De um modo geral, uma grande parte dos habitantes do bairro são desempregados, existindo como já se referiu uma elevada taxa de criminalidade, reveladora de complexas problemáticas, nomeadamente no que diz respeito ao consumo e tráfico de drogas que pode ser observado por qualquer transeunte. As crianças que constituíram casos neste estudo habitam neste bairro e lidam diariamente com fenómenos caracterizados pela violência, pelo alcoolismo, pela prostituição, pelo tráfico de droga e de armas, pelo comércio ilícito, pelas corridas ilegais de street racing e mesmo pelas lutas de cães que ao anoitecer dominam as ruas.
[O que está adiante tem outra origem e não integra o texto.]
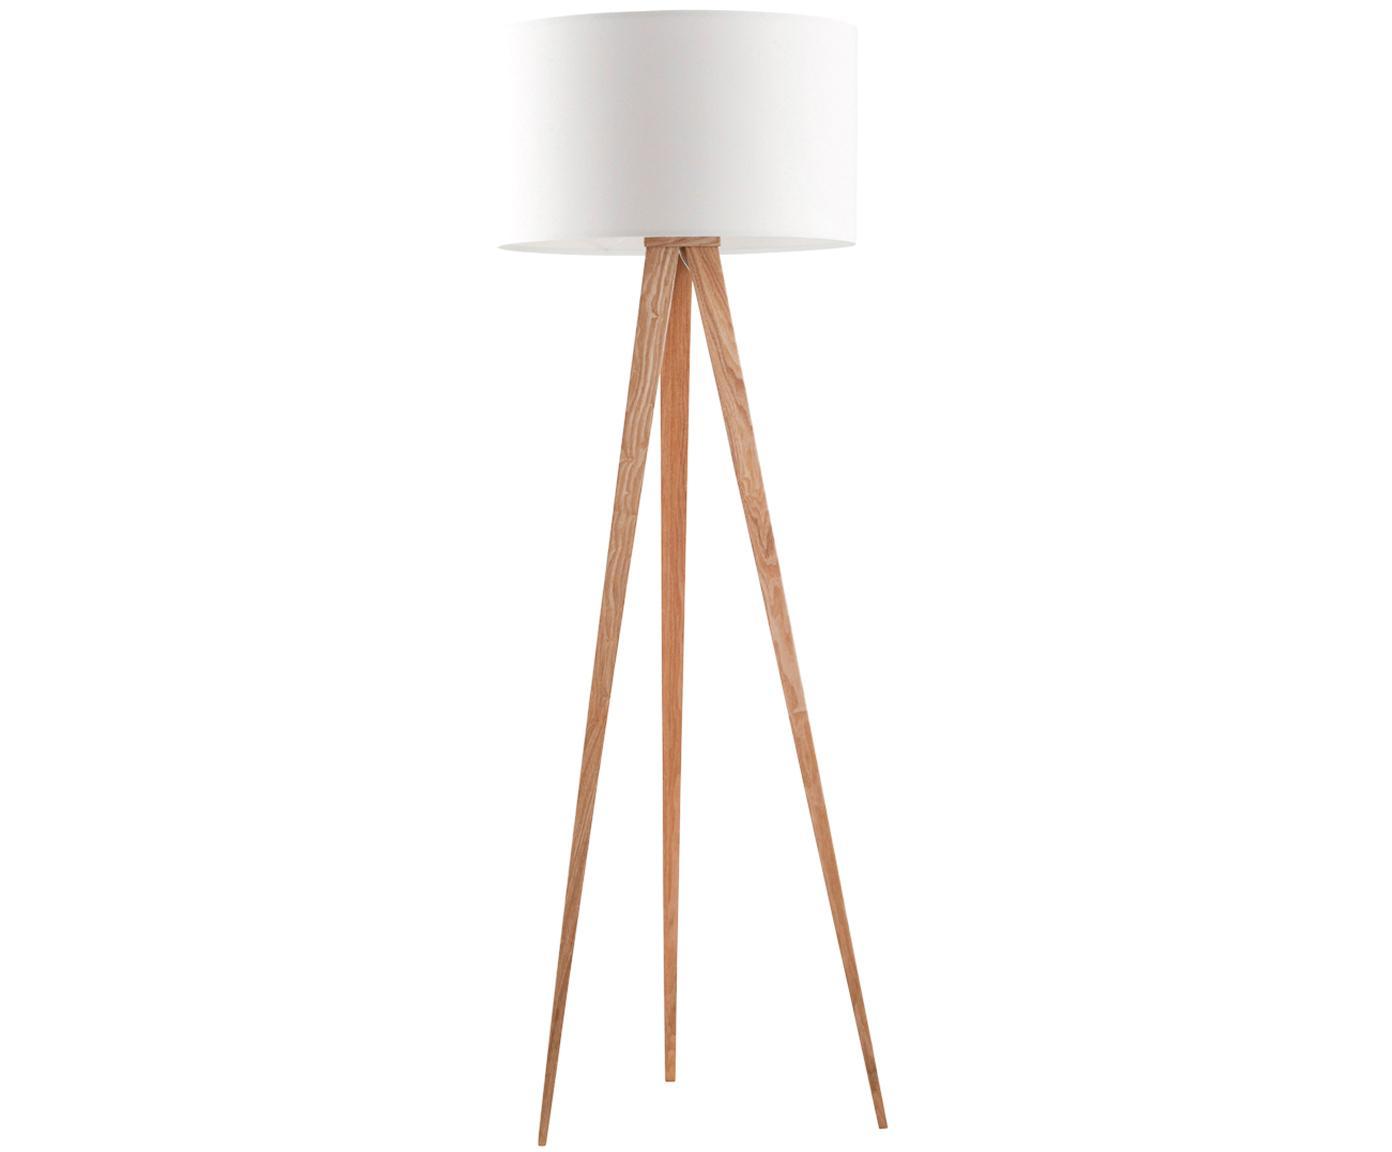 Stehleuchte Tripod, Lampenfuß: Metall mit Eichenfurnier, Lampenschirm: Polyester, Weiß, Eichenfurnier, Ø 50 x H 157 cm

Não foram raras as vezes em que o pessoal docente e o pessoal não docente tiveram de ficar retidos na escola, quando das saídas tardias de reuniões, pelo facto do bairro se encontrar cercado pela Polícia de Intervenção que tinham por objectivo actuarem em conformidade pela denúncia de situações que alegadamente envolviam tráfico de droga e de armas.

São comuns as ameaças e as agressões físicas e verbais entre os habitantes do bairro e as trocas de insultos entre os encarregados de educação e outros familiares dos alunos que muitas vezes estendem-se ao pessoal que cumpre as suas funções profissionais na escola, temendo-se frequentemente pela segurança física e pela integridade moral dos alunos, bem como de toda a comunidade educativa.

Outro aspecto marcante, é do tipo de família que existe neste bairro, mercê da origem da população e das suas condições socio-económicas:

ƒ ausência de um dos progenitores que trabalham no estrangeiro ou terra natal; ƒ ausência dos dois progenitores (na mesma situação);

ƒ ausência de um dos progenitores pelo cumprimento de medidas penais em estabelecimentos prisionais;

ƒ ausência dos dois progenitores (na mesma situação);

ƒ ausência de um progenitor (por abandono ou por entrega voluntária); ƒ ausência dos dois progenitores (pela mesma situação);

ƒ integração das crianças em famílias de acolhimento, muitas vezes negligenciadas e rejeitadas;

ƒ família alargada com tios, primos, avós, fugidos das guerras, em situação de promiscuidade;

ƒ divórcios e separações conflituosas.

Das relações estabelecidas nestas famílias surgem crianças com imensos problemas emocionais e de saúde mental, impeditivos de um percurso escolar normal, que não encontram resposta clínica, já que o apoio psiquiátrico é caro e a burocracia para as assistir desmotiva as famílias. Apesar da pobreza, da desorganização e ausência, as famílias rejeitam a escola, os professores e pessoal auxiliar.

As crianças, após a saída da escola, ficam na rua entregues ao seu destino e outras ficam entregues aos pais desempregados, que enfrentam situações psicológicas que em nada ajudam ao desenvolvimento das crianças.

A alimentação destas crianças é precária, quer por carências económicas, quer pela desorganização familiar.

O lazer é praticamente reduzido ao vídeo e à televisão, a qual é considerada tão imprescindível que não é raro apercebermo-nos de que muitas famílias chegam a ter um televisor em cada quarto, apesar das dificuldades económicas.

A maioria dos alunos não tem hábitos de leitura e para além dos manuais, poucos ou nenhuns livros têm em casa. O livro nada representa.

Os erros de linguagem já automatizados, ao nível da pronúncia e articulação silábica, na sua maioria são indicadores de ausência de conversação. Referimos também a existência de dialectos específicos na comunicação entre os habitantes do bairro onde se localiza a escola alvo desta investigação e que quase sempre não são perceptíveis para a comunidade educativa, o que em muito dificulta as relações entre a comunidade e a escola.